Farmacologia é a ciência que estuda os efeitos de uma substância química sobre a função dos sistemas biológicos, os quais dependem fundamentalmente da interação droga/organismo.
No que diz respeito aos fitoterápicos, a Organização Mundial de Saúde determinou, por meio de um documento divulgado e consolidado internacionalmente (OMS, 1991), que o conceito de tradicionalidade seja adotado na definição da farmacologia.
Dessa forma, a OMS buscou instruir os países de todo o mundo a considerar as informações tradicionais devidamente documentadas como relevantes para orientar ações reguladoras de seus mercados na área de fitoterápicos.
No Brasil, tais orientações foram incorporadas e adotadas nas normas da Anvisa e aplicadas a todos os produtos fitoterápicos que não detêm documentação clínica própria.

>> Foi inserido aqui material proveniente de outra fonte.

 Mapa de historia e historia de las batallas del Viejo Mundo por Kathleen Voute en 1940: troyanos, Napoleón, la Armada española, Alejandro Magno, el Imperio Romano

No entanto, para que tal flexibilidade não se torne um problema, a OMS recomenda critérios para sua aplicação, os quais foram internalizados no Brasil por um documento de orientação emitido pela agência reguladora, com as seguintes informações (Brasil, 2010a): a) indicação para uso episódico ou para curtos períodos de tempo, b) coerência com relação às indicações terapêuticas propostas, c) ausência de risco tóxico para o usuário, d) ausência de grupos ou substâncias químicas tóxicas ou presença dentro de limites comprovadamente seguros e e) comprovação de uso seguro por um período igual ou superior há 20 anos.
Assim, podem-se aproveitar as dezenas e até milhares de anos de uso popular documentado como subsídio de valor ao registro e aproveitamento terapêutico de inúmeras plantas medicinais.

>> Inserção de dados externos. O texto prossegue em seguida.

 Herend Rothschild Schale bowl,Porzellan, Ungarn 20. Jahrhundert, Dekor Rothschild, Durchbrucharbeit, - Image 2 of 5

Nos casos que estejam fora dessas orientações, deve-se seguir o caminho clássico para o desenvolvimento de medicamentos, com estudos em animais e clínicos (WHO, 1993).
Complexidade química
Cada planta apresenta inúmeros constituintes químicos, que são oriundos tanto do metabolismo primário, como açúcares, lipídios, proteínas, ácidos nucleicos, etc., como principalmente do metabolismo secundário, como cumarinas, alcaloides e resinas, dentre muitas outras substâncias.
Entende-se como metabolismo vegetal primário aquele que é voltado às funções essenciais das células das plantas, e metabolismo secundário como sendo o relativo a funções especiais dos vegetais, principalmente no seu aspecto ecológico e na sua relação com o meio ambiente.
Os resultados terapêuticos obtidos dos fitoterápicos são, em última instância, oriundos da ação simultânea desses diversos ingredientes, estabelecendo o conceito de fitocomplexo, que pode ser definido como o “conjunto de substâncias originadas no metabolismo primário e/ou secundário e que são responsáveis, conjuntamente, pelos efeitos biológicos de uma planta medicinal ou de seus derivados” (Brasil, 2010c).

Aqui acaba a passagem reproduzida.